First, the ionization method used in the apparatus of the present invention will be explained, taking as an example the case of generating a beryllium ion beam, and comparing it with a conventional method. FIG. 1 is an energy level diagram of beryllium neutral atoms.

The conventional ionization method is, for example, to irradiate beryllium vapor to be ionized with two laser beams B1 and B2 with wavelengths of 2349 Å and 3000 Å. In other words, beryllium atoms in the ground state 2s ( ¹ S) are first ionized into 2349 Å wavelengths. It is resonantly excited to the first excited state 2p ( ¹ P ⁰ ) by the laser beam B1, and then ionized by the laser beam B2 of 3000 Å.

The ionization method in the apparatus of the present invention differs from the conventional ionization method described above in that synchrotron radiation, particularly relativistic synchrotron radiation, is used as an excitation light source. Synchrotron synchrotron radiation has directionality similar to laser light, and has far greater intensity and energy than laser light. Therefore, as shown in Figure 1, a single photon can destroy beryllium vapor at a relatively low level. can be excited from the excited state to the Ryudberg state. The fundamental difference between the method of the present invention and the conventional method is that the final excited state is the Ryudberg state, and ionization from the excited state is performed by applying an electric field as shown in the following equation.

E (V/cm)≧0.3125×10 ⁹ ·n* ^-4 where n* is the effective principal quantum number of the Rydberg state, and this relationship is shown in FIG. The Ryudberg state generally refers to a highly excited state of an atom that has a principal quantum number n that is about 10 or more larger than the ground state. In the case of beryllium neutral atoms, the ground state is 2s ( ¹ S), n=2, and the Ryudberg state is a highly excited state of about n≧12.

For the 12d ( ^3D ) level of beryllium neutral atoms, n* = 12.04, and therefore the electric field strength required for ionization of the Ryudberg state 12d ( ^3D ) is E≧1.487×10 ⁴ V/cm. Become. Also, higher,
That is, if a Ryudberg state closer to the ionization limit is selected, for example, the 30d ( ^3D ) level, the electric field strength required for ionization becomes smaller, E≧3.858×10 ² V/cm. On the other hand, for the first excited state 2p ( ¹ P ⁰ ), n * = 1.83, and if we attempt to directly ionize this 2p ( ¹ P ⁰ ) level by an electric field, the ionization requires E ≥ 2.786 × An extremely large electric field strength of 10 ⁷ V/cm is required.

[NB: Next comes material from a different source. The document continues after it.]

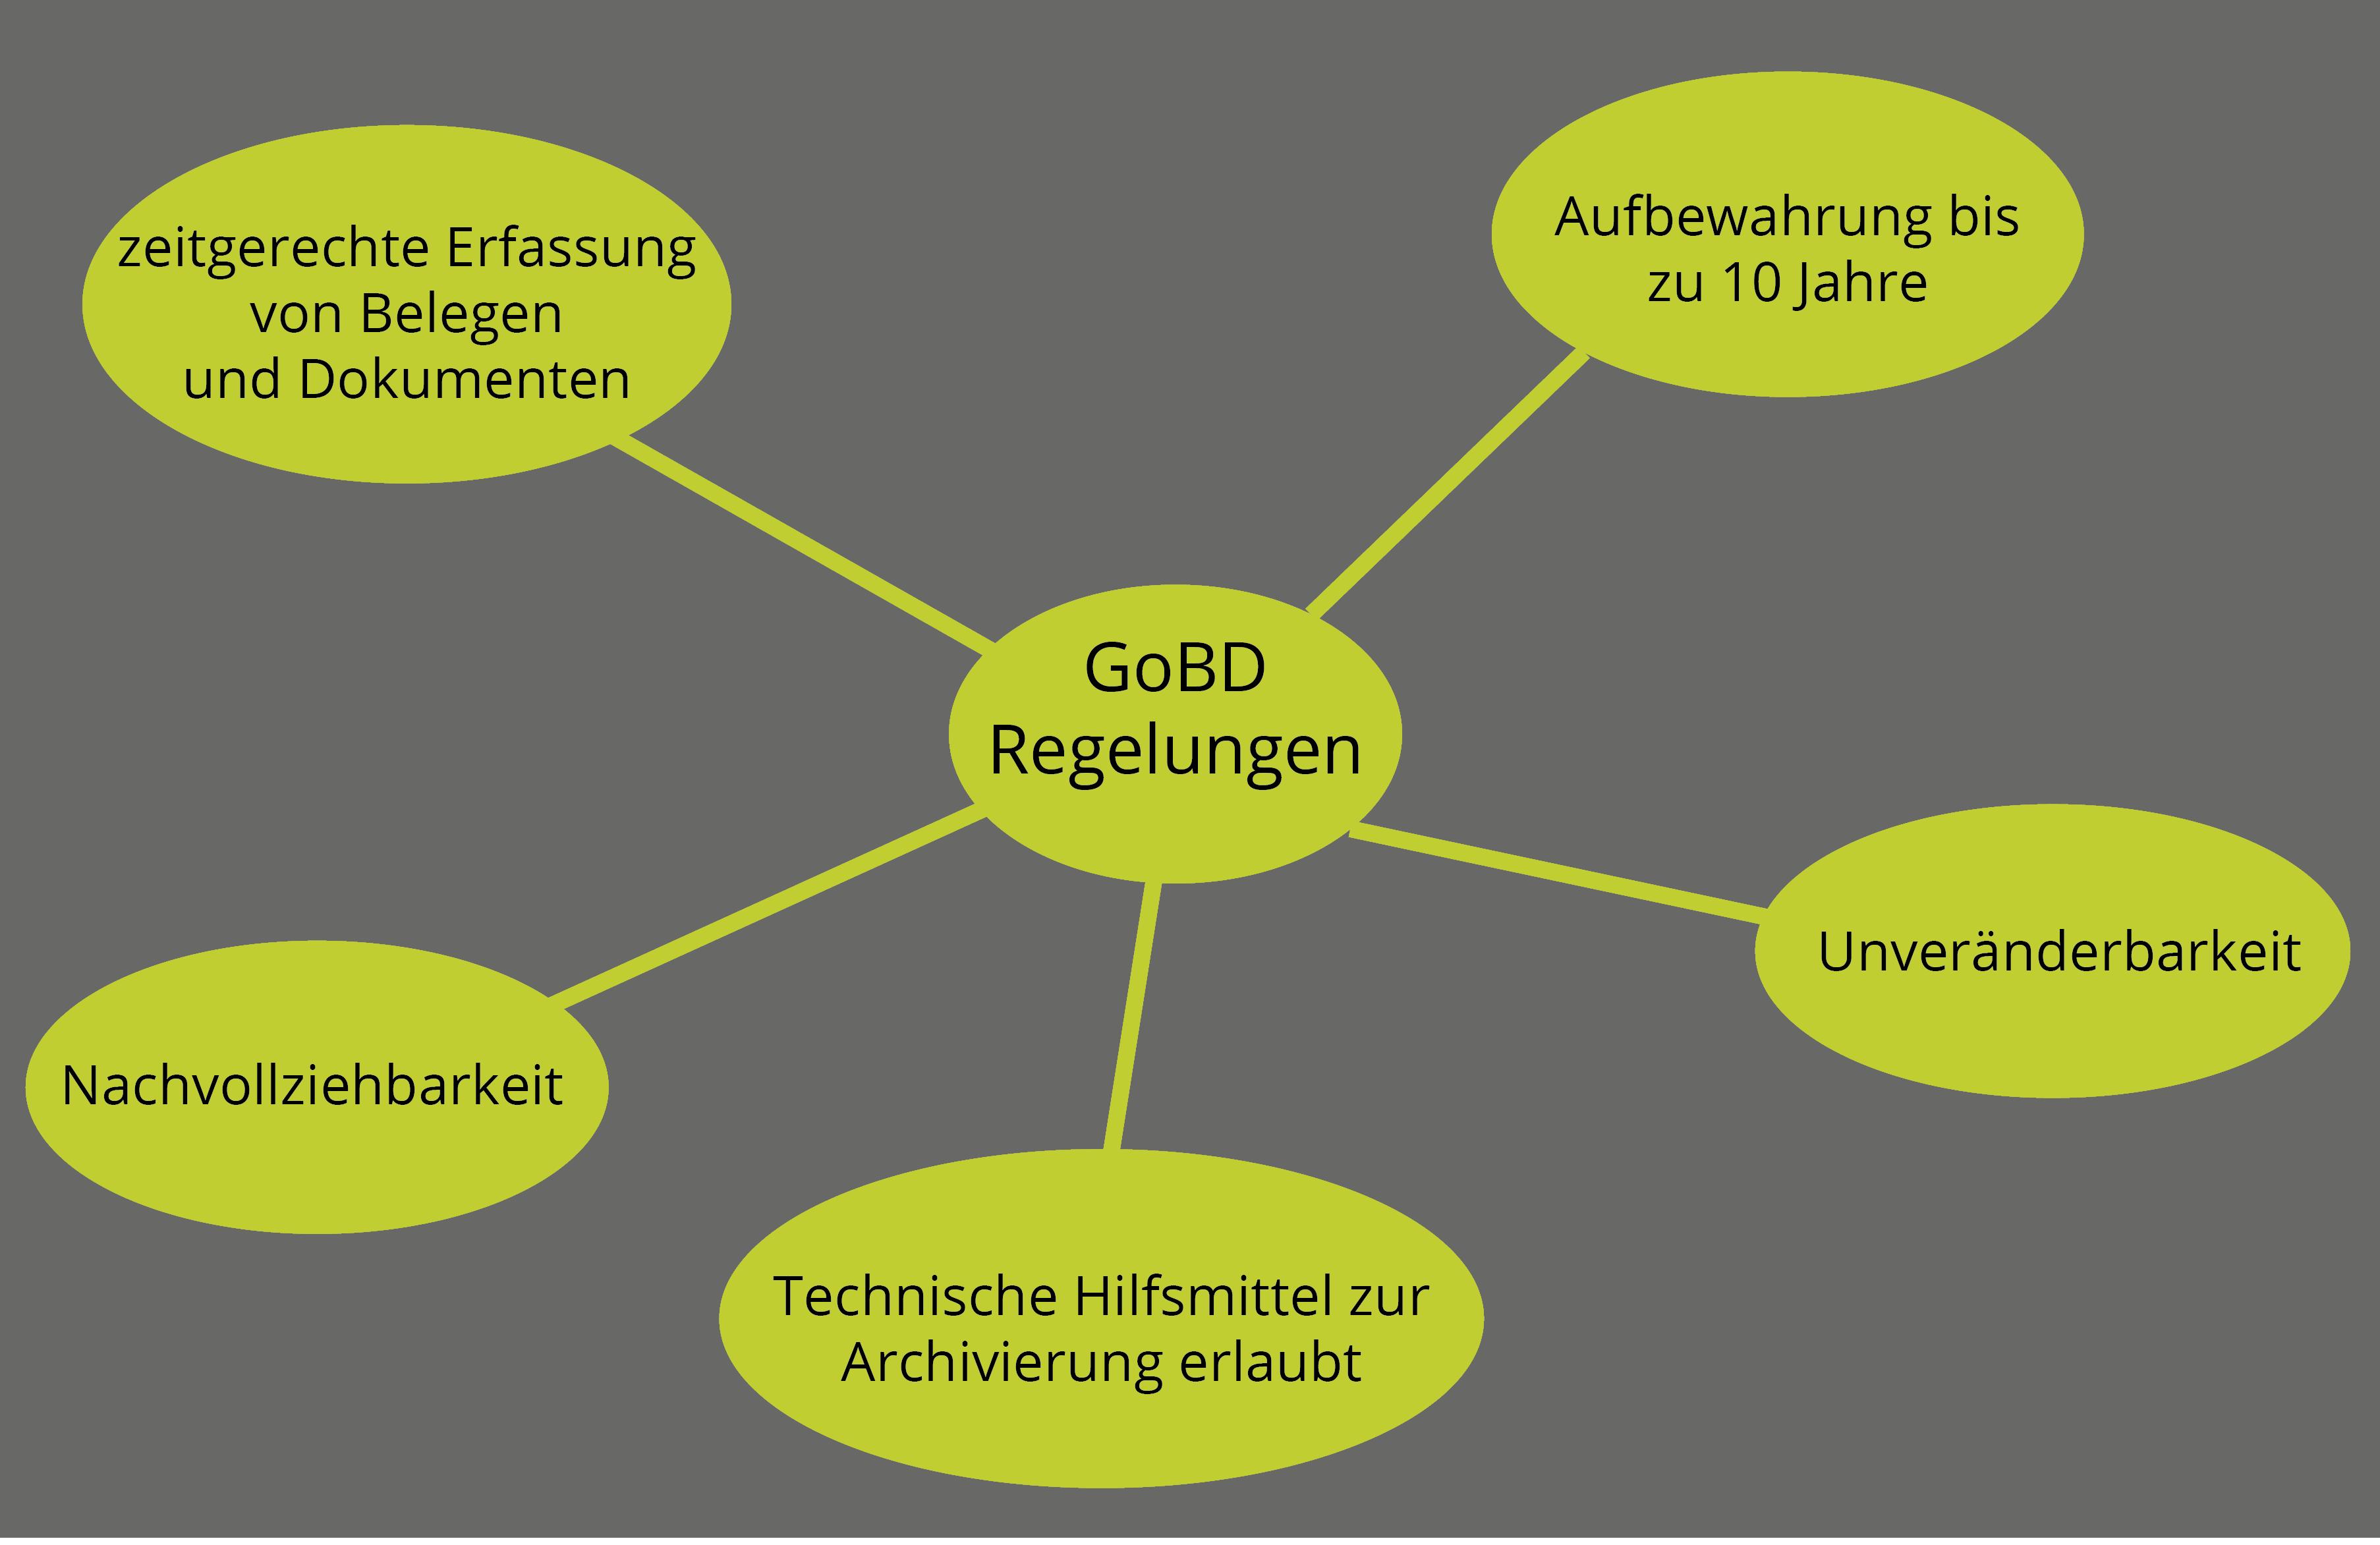 GoBD Regelungen_Zeichenfläche 1-1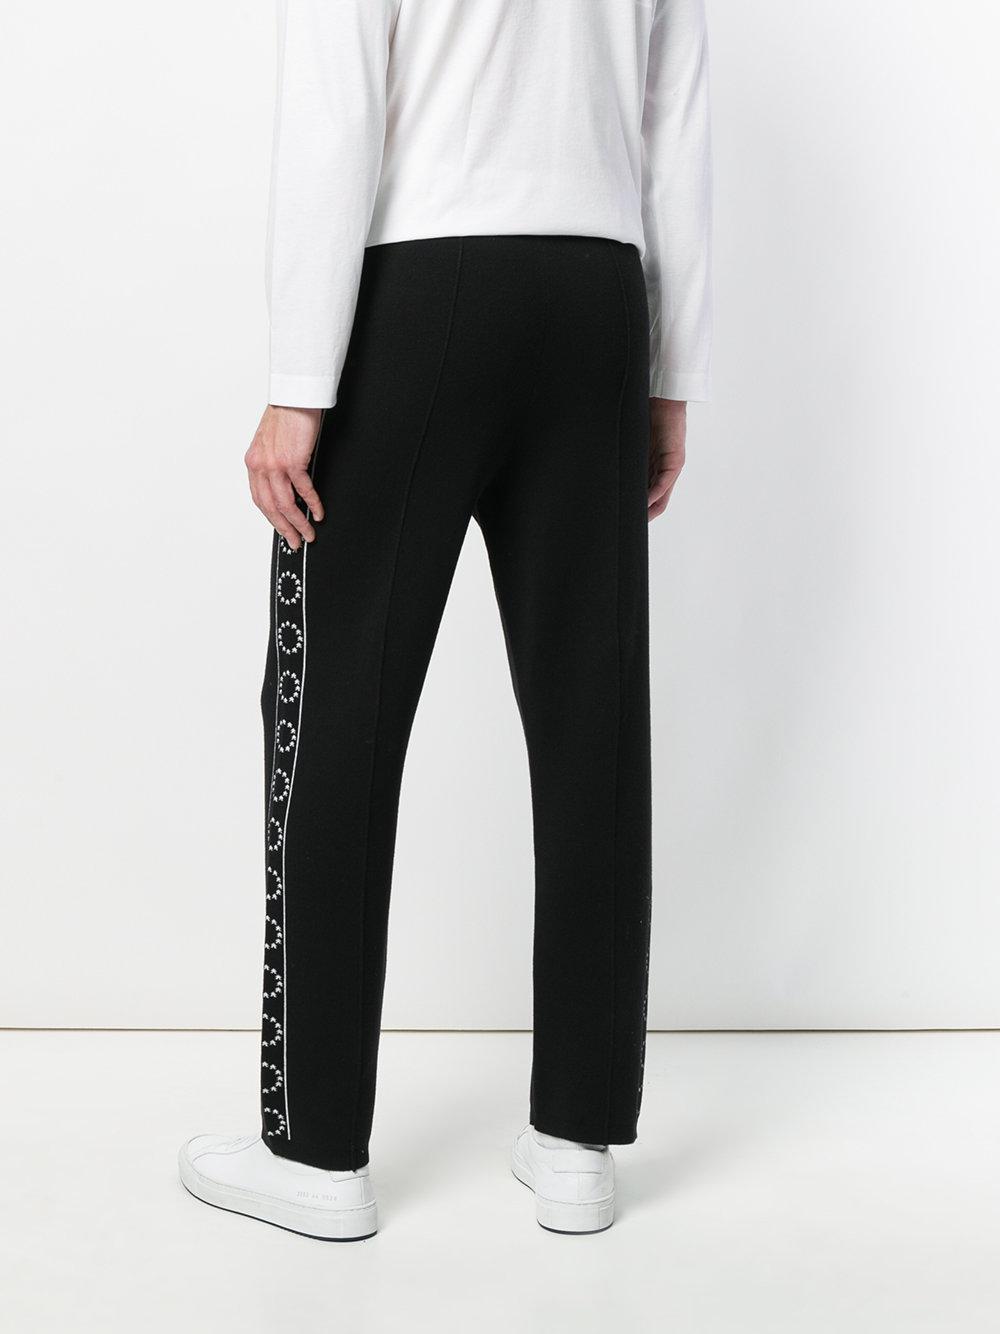 Black Time-Out Lounge Pants Études Studio Best Sale Online SK0sFxIO

By the way, the radiative lifetime of the Lyudberg state of effective principal quantum n* is τ _r ∝n* ³ , and under gas pressure so low that collisions can be ignored, n*
The higher the excited state is, the longer the radiative lifetime τ _r becomes. Figure 6 shows the relationship of the radiative lifetime τ _r (ns) = 1.38 x (n * - 0.0144) ³ for the d-state of beryllium neutral atoms. For the Ryudberg state 12d ( ^3D ) of a neutral beryllium atom, τ _r ~2.4 μs, but for a Ryudberg state that is higher, that is, closer to the ionization limit, such as the 30d ( ³ D) level, τ _r ~37 μs. becomes longer. On the other hand, the first excited state 2p
For ( ¹ P ⁰ ), τ _r is about 8 ns, and the radiative lifetime is extremely short compared to the Ryudberg state.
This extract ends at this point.